There is a worksheet for your vehicle expenses, and also a place to list costs of your cell phone, etc.


----------



## Older Chauffeur (Oct 16, 2014)

Josho said:


> am talking about this:
> 
> 
> 
> http://imgur.com/95AV0HB


This doesn't look like Turbo Tax.


----------



## Josho (Nov 27, 2014)

Older Chauffeur said:


> This doesn't look like Turbo Tax.


Its turbo tax (home & business)

want to know what I put for fields here:



http://imgur.com/95AV0HB


for example for business name and address do I use my name and address? and did I "Acquire" business in current year? (I started driving for Uber that year). And for business description can I just put "Driving for Uber"?


----------



## Older Chauffeur (Oct 16, 2014)

Maybe you are using their online filing, which I have not used? Anyway, yes, I would use my name and answer questions based on factual information as best you can. You could use "contract rideshare" or "TNC driver" for the description, and acquire is about the same as starting the business in this situation. I'm guessing TurboTax is just trying to get a general idea for their program, not something that is vital in terminology for the IRS.


----------



## Older Chauffeur (Oct 16, 2014)

The TT I use has similar question, just in a different format.

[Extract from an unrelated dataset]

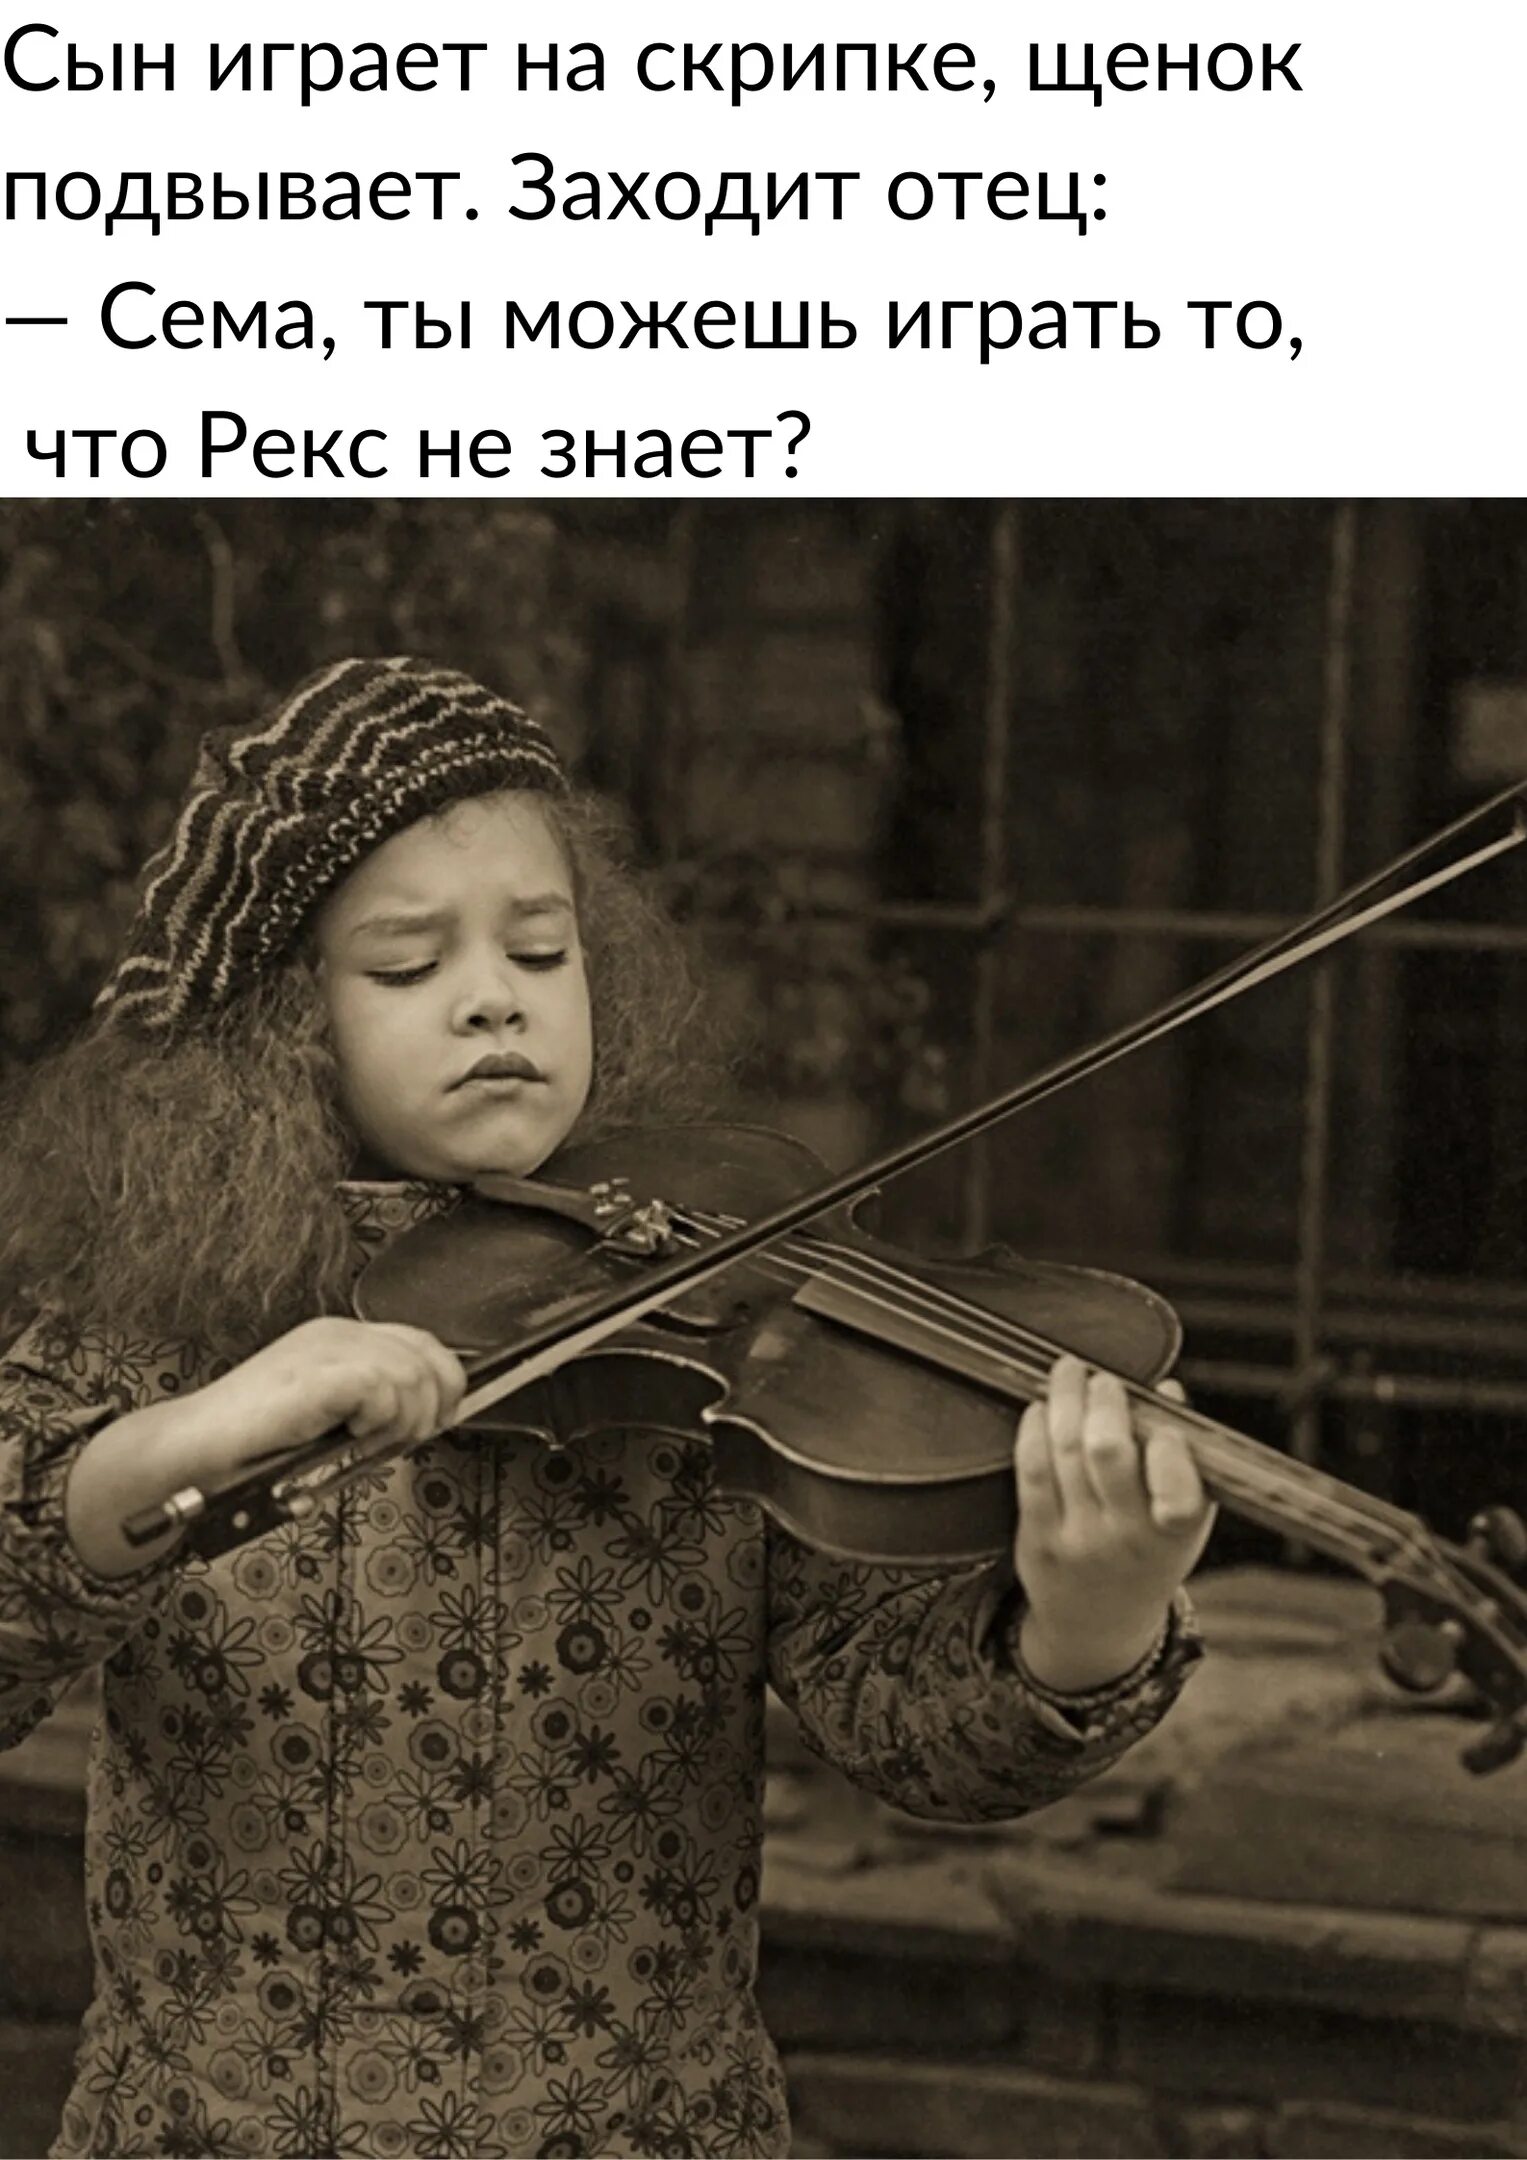 Мальчик искал скрипку. Девочка со скрипкой. Мальчик со скрипкой. Маленький скрипач. Еврейский мальчик со скрипкой.

It also lets you look up the code for the type of business, and I've never found one that fit. I think I wound up with 00000 for that entry. I do private chauffeuring on my own, but I think it is close enough to Ubering classification-wise. I hope this helps.


----------



## Desert Driver (Nov 9, 2014)

Josho said:


> what do I enter in Business Info section in Turbotax?


Use code 56508 - slave earning a wage


----------